Tuesday, December 22, 2009

TEMPTING FATE

escape route


Went out and tempted fate. Took a chance on a heart attack. There is something about snow shoveling that gets one in a hurry about the time you start seeing how many scoops of the shovel it will take to get it all. That's when one starts piling the scoop up higher and higher, making a great deal of strain. Anyway, that was the hypothesis I went by. I never put a heavy load on the shovel. About half a shovel at a time. Or rather, half of what I'd have done 10 years ago. It was a little frustrating, but at the same time I hadn't oughta been doing this anyway. I went after it in a relaxed way, making the least effort. Shoveled snow until I gave out. Then I stopped. The whole clearing job took 3 goes at it. I was about to leave the shoveling to the next day before I went out the door for the 3rd attempt.



It was easy. I carried little weight per shovel full and stopped to rest when I found myself starting to huff and puff. I believed I'd get through it, but took it easy to minimize risk. I was looking at it as exercise. A senior exercise, where you don't expend a lot of effort. It's more about leisurely exercise to keep joints flexible. It felt a bit strange out there shoveling reminding myself I'm tempting fate. I knew that the whole time. I didn't believe there'd be a problem if I rested as I needed rest without overdoing in between. You might say I more or less did it consciously, aware of the consequences, but believing I knew how to do it. That last part, believing I knew how, is the punchline. Of course, I didn't have any idea if my hunch had any validity. Probably, I'm just lucky, or unlucky, however I look at it. I trusted the hunch enough to test it. It could have turned out like the footstep that didn't hold.

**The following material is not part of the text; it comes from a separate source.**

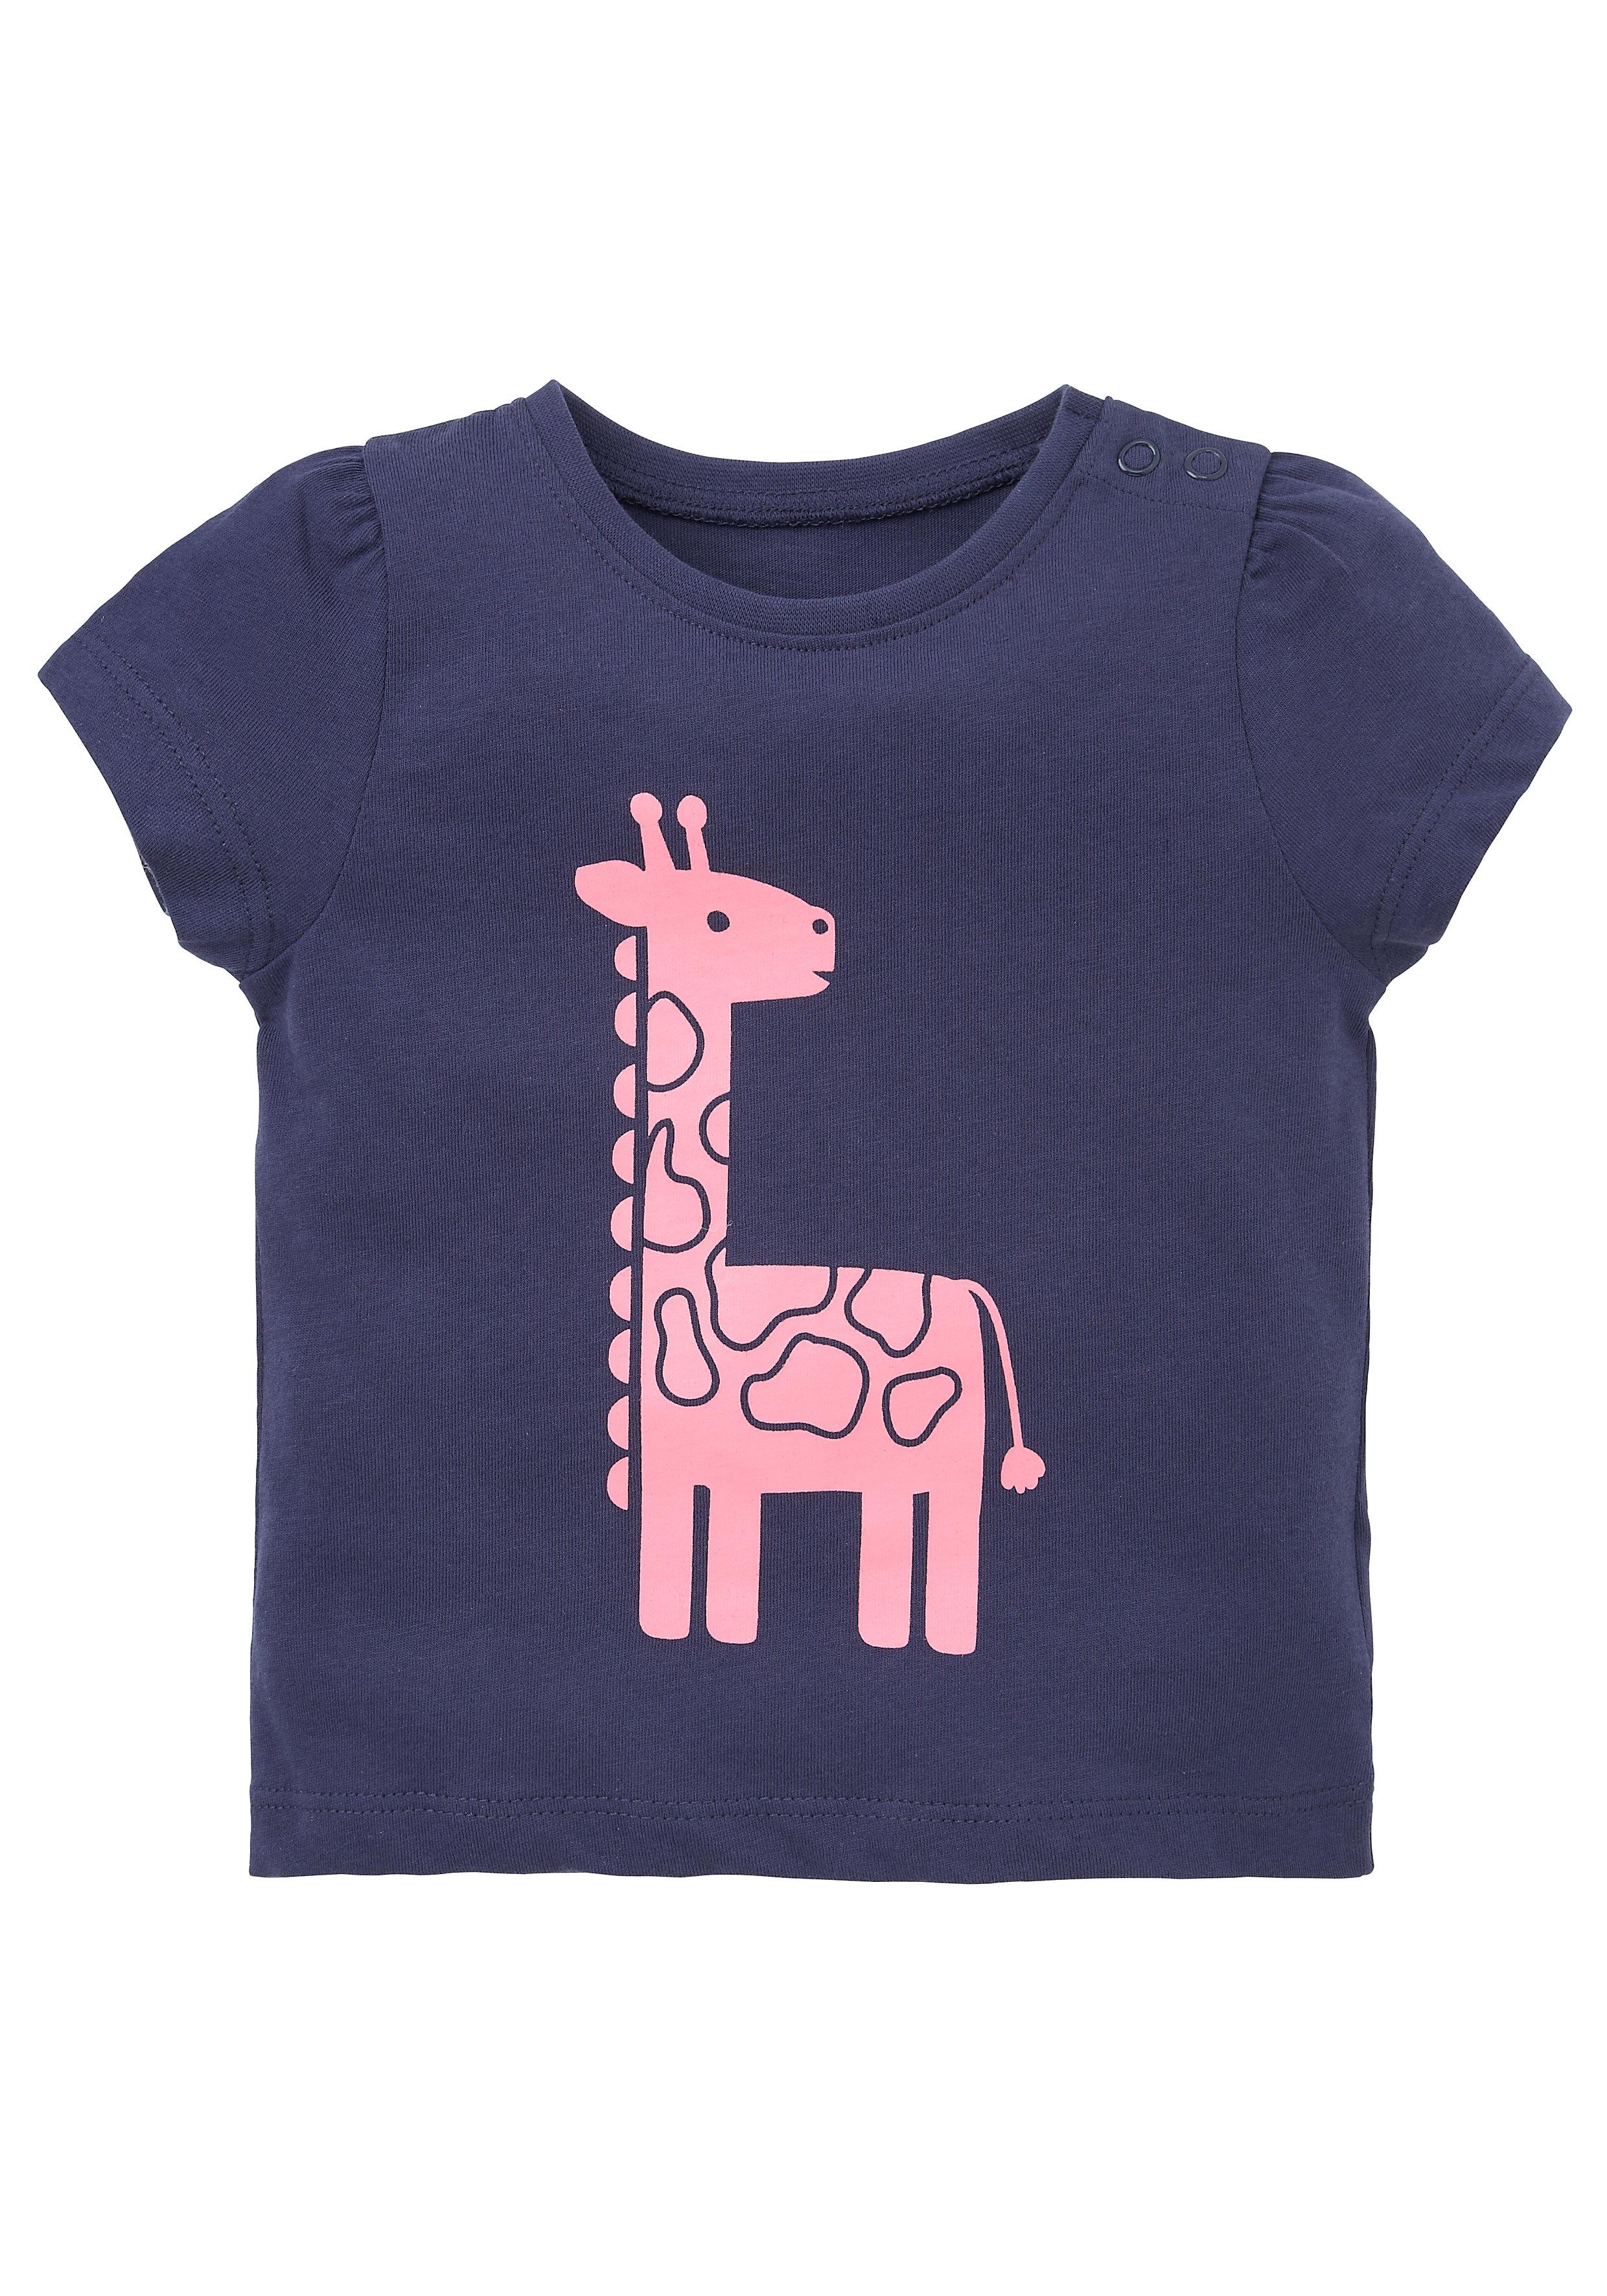 Mothercare   Girls Half Sleeves T-Shirts - Navy

I caught myself a few times attempting to hurry things up, there was a lot of snow to shovel. That was automatic behavior. I countered that with indifference to how many days it took. Sun was out today, temp up to 40, some snow melting, I thought I'd better get the snow the DOT truck threw up in front of the car, more than doubling the depth of the snow, before it froze in the night again and became chunks of ice. I went after the surface layer first. The layer under that was soft, easy snow to shovel. The surface broke up into smaller chunks for the shovel.



I went out 3 times today, worked a short time with minimum effort each time. Hoping tomorrow's sun, forecast just like today, will melt what I've left in the tracks for the tires to come out of it's snow cave on. I wanted to get the windshield cleared today, anticipating the part against the glass will melt slightly when the sun raised the temperature inside the car above freezing. Then it would freeze in the night. If I have to go somewhere tomorrow, the glass won't have ice to scrape. I can get in and drive away. Even dug out a place so the door can open. That will be my parking lot until all is melted.

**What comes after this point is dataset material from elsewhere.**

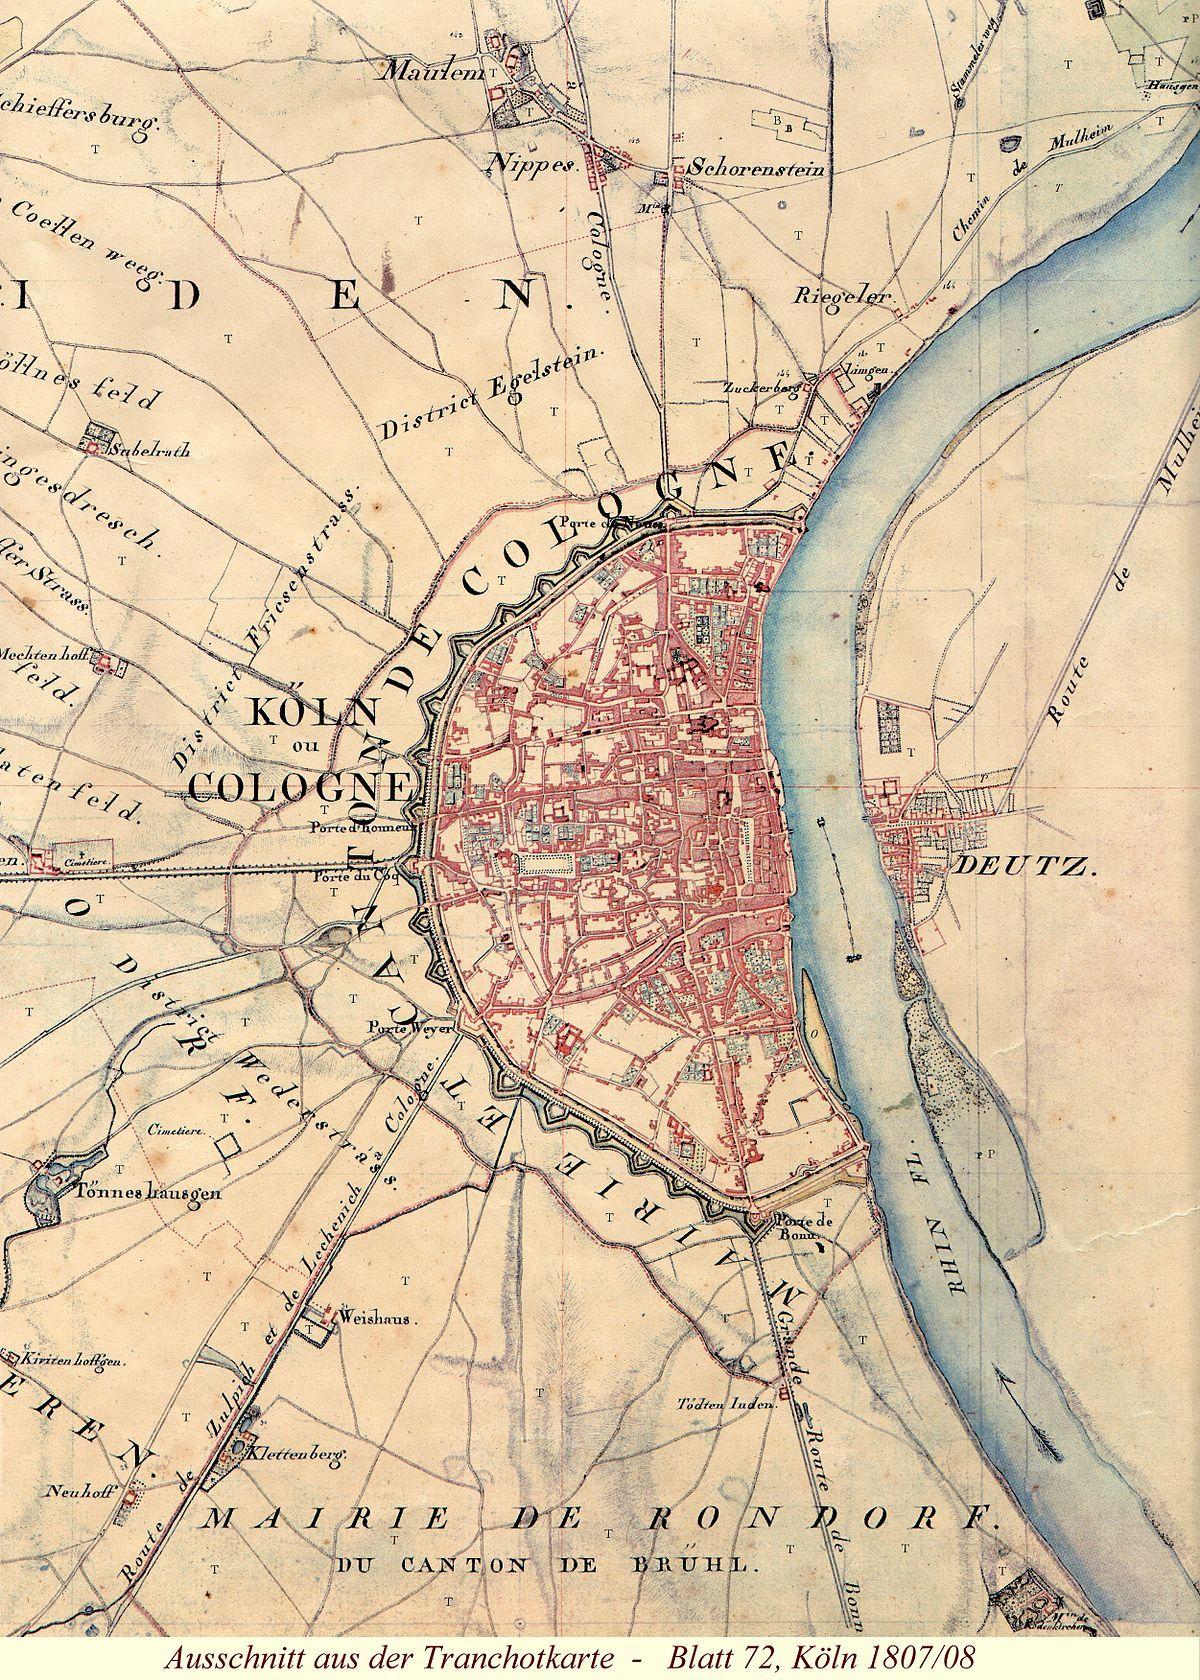 Kanton Koln Wikipedia Koln Karte Historische Karten Landkarte

The foot of snow on the roof will blow off first time I drive. If it's not gone by the time I reach Thompson Flat, it will fly off there in hundreds of small chunks and a big spray of crystalline snow such that if anyone is behind me when it happens, they might have to turn on the wipers. It would be the same as driving through a small cloud of flying snow. I feel good about getting that snow shoveled. I didn't wear myself out, got a little exercise, never exhausted or close to it.



I still laugh at myself for such foolhardy behavior. Ronald Davis drove up and stopped as I tossed the last shovel of snow. He asked what I was doing. I said I was tempting a heart attack. It was really foolish of me to do such a thing, but I can't say I didn't know what I was doing. Every swipe of the shovel I reminded myself this is ignorant behavior. Like it's not going to happen to me. Like my truck burning up wasn't going to happen. I was remembering Jean's outrage when she learned she had irreversible cancer. She'd finally come into who she was, and looked forward to some years of living her own life as herself. It wasn't fear of death in her. She felt it wasn't right to be taken away before she had a chance to live what she'd learned. She made peace with everybody in her life and went out radiant.



I have never thought of Jean as dead, even though I saw her in the coffin. When I think of her, I see radiant light. I also feel like she's always nearby. When I think of Jr, I still don't see him dead. It's like he's at home at his place and I'm at home in mine. I can't drive down there to see him, like I have friends who live so far away I can't see them for years, but I still know they're where they are. I didn't feel a finality when Jr's soul left the body. He's where he is, out of sight of where I am, but it's no different from that. He continues to live, but not in that old skin-draped skeleton. It's like he moved to Maryland. Out there shoveling, I was questioning if I might be wanting to go Over Yonder to be with Jean and Jr.



I thought that's not such a bad idea. It's a win-win situation. I like it here well enough that I take several pills a day to keep the heart pumping and have a device inserted to keep it in rhythm. Though tempting death is kind of dramatic, what I was really tempting, I thought, was an electric shock to put me on my ass. That didn't happen either. I went into it with confidence I could shovel snow in a relaxed way and rest every time I felt like it for as long as I wanted, and not get in a hurry. I was going to say it taught me I'm not as fragile as I've come to believe. But, the only thing it taught me was today is not my time to go.